Concord grapes are now mostly grown in upstate New York, southwestern Michigan and Washington state. They are among the group of grapes known as “slip-skin,” meaning that their skins are easily removed. They also grow on their own root stock – rather than via grafting – which makes them better able to adapt to the climate in the Shenandoah Valley. But even that native adaptability has its limits, as the Wengers have seen with the increase in climate volatility.
“It has been a bit of a rollercoaster these last few years,” Mark says, describing a series of extreme weather events that damaged the grape crops in three out of the past four years. 2020 brought a May freeze that impacted the fall crop; a hailstorm came through the farm in April 2021; and another deep freeze hit early last year.
“But our customers have been resilient,” Mark says, adding that ninety percent of the visitors to the farm are repeat customers. The Wenger Grapes’s customers come from across Virginia, Maryland and the mid-Atlantic area, and many families come year after year.
Wendy grew up on the grape farm when it was run by her parents, Dave and Mim Wenger, and remembers that her mother loved to entertain. Wendy says she sees the farm stand and pick-your-own activities as an extension of her family’s hospitality. “I love it when people are here,” Wendy says. “I love seeing all the different people.”
When asked why they continue despite the challenges at the farm, Wendy speaks both about the nostalgia of carrying on a family tradition and the importance of teaching people about the sources of their food.

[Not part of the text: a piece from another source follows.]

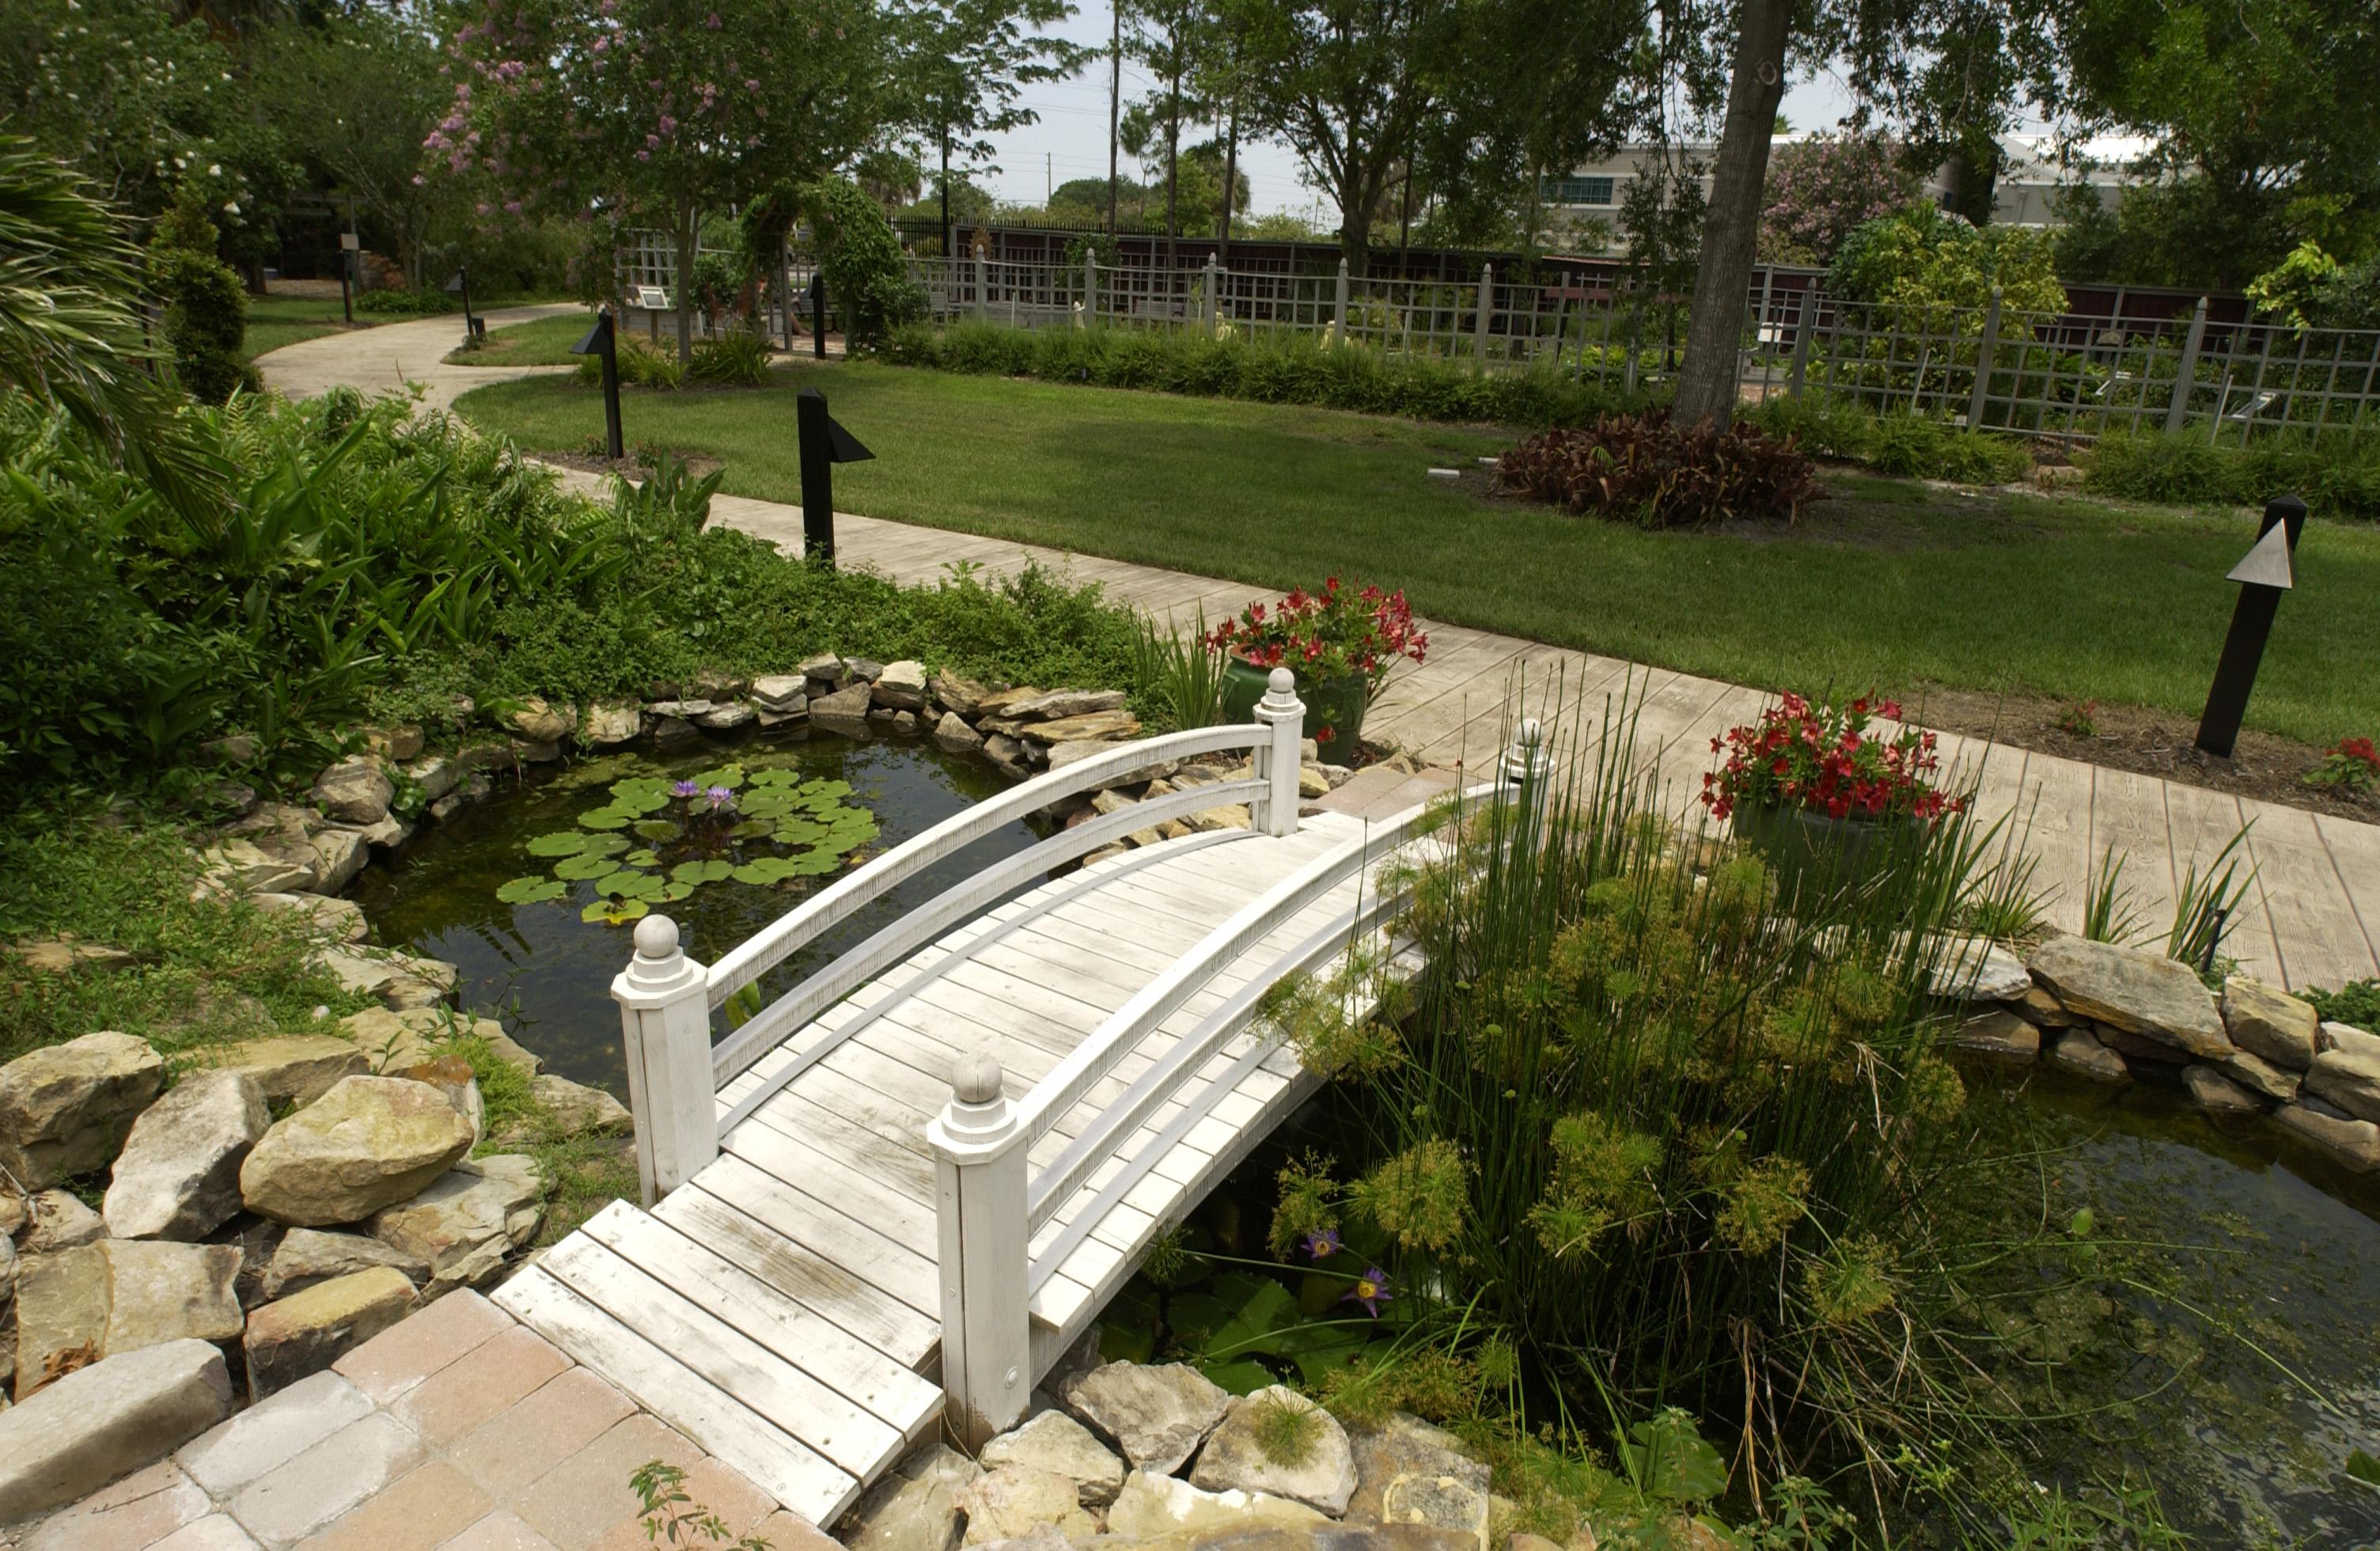 Garden Patio Ideas Pictures | Perfect Home and Garden Design

“There are not a whole lot of places left where you can go to a farm and pick your own produce,” Wendy says. “It is a ton of work. But it lets us carry on a tradition and help people connect to the earth. We look forward to having people on the farm for many years to come.”
Wenger Grapes is located at 4094 Stuarts Draft Highway in Waynesboro, about two miles west of the intersection with 1-64. Depending on the weather, Concord grape harvest season usually begins around Labor Day and continues through the month of September. During harvest season, the farm stand and pick-yourown is open Monday through Saturday from 8:00 a.m. until dark.